Prada (575 Broadway, Soho)

Tudo na loja da Prada é de encher os olhos, até o provador de alta tecnologia. (Foto: Divulgação)

Tudo na loja da Prada é de encher os olhos, até o provador de alta tecnologia. (Foto: Divulgação)

Impossível deixar uma das experiências de design, arquitetura e moda mais completas de Nova York de fora de um roteiro fashion: a loja da Prada no Soho. Esse hub futurista projetado pelo modernista holandês Rem Koolhaas, parceiro de Miuccia Prada em vários projetos, de lojas a cenários de desfiles, é um espetáculo em cada detalhe do ex-Guggenheim Soho.

Aberta ao final de 2001, a loja traz uma gigantesca onda de madeira que vai do nível da rua para o piso de baixo e funciona, ocasionalmente, quando há um show ou evento, como assento ao estilo anfiteatro. Gaiolas de exposição suspensas e um elevador circular de vidro, além de provadores translúcidos que se tornam opacos ao toque de um botão, a loja é pesada no quesito design, que faz o visitante ficar embasbacado tamanha a riqueza dessa imagem.

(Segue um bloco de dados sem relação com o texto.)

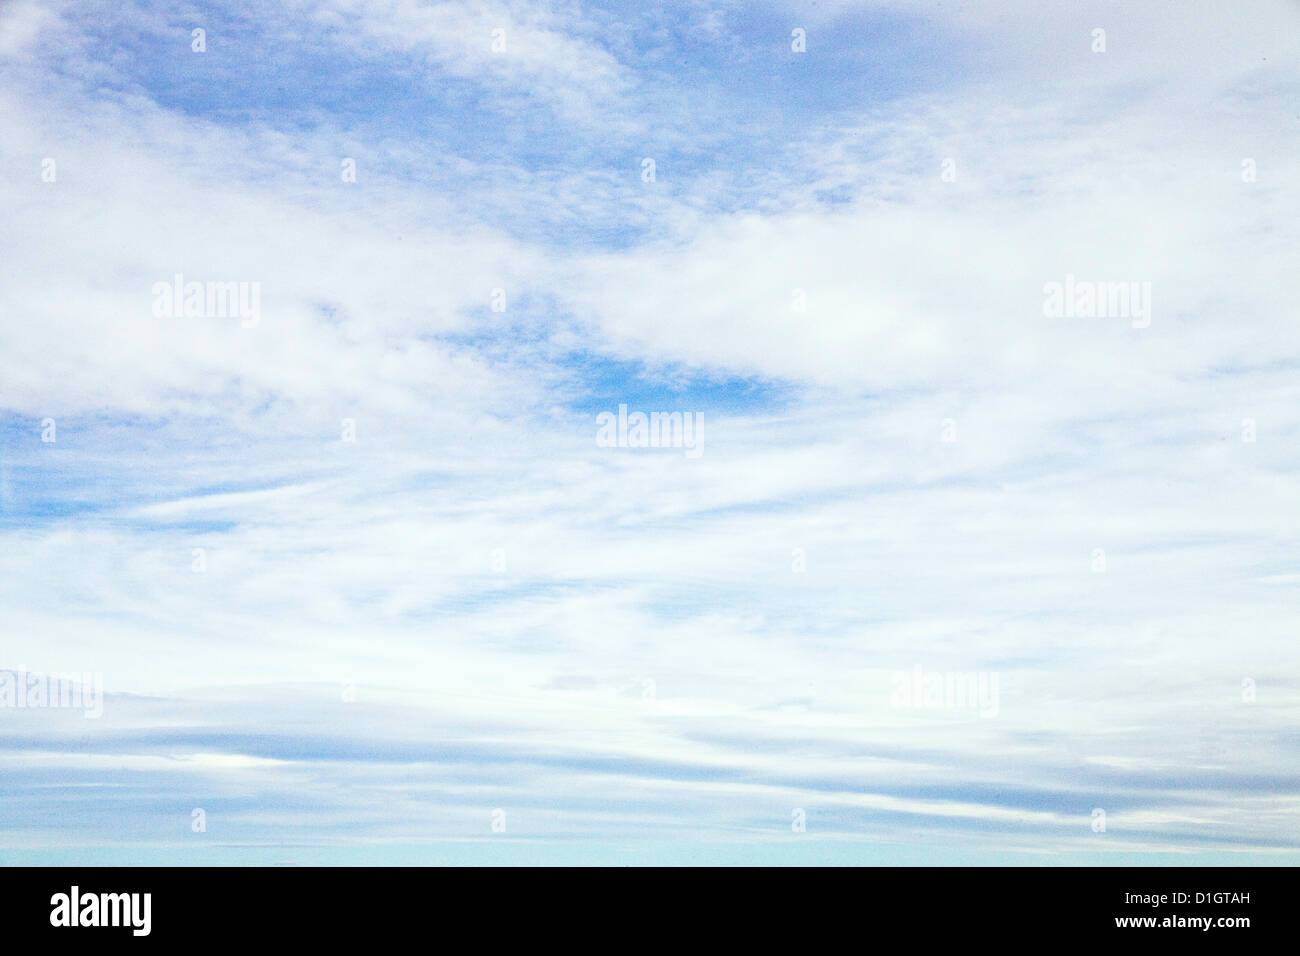 whispy white clouds in motion, blue sky Stock Photo

Mas é claro que a moda não é reflexão tardia por lá, afinal, estamos falando de Miuccia Prada, uma das maiores estilistas do mundo. Masculino, feminino, acessórios, joias são distribuídos com precisão de curadoria artística pelo espaço, imprimindo à roupa, que já impressiona por si, o valor de uma peça de museu – e sim, muitas têm um valor bem parecidinho. Simplesmente sensacional. E dá vontade de tudo.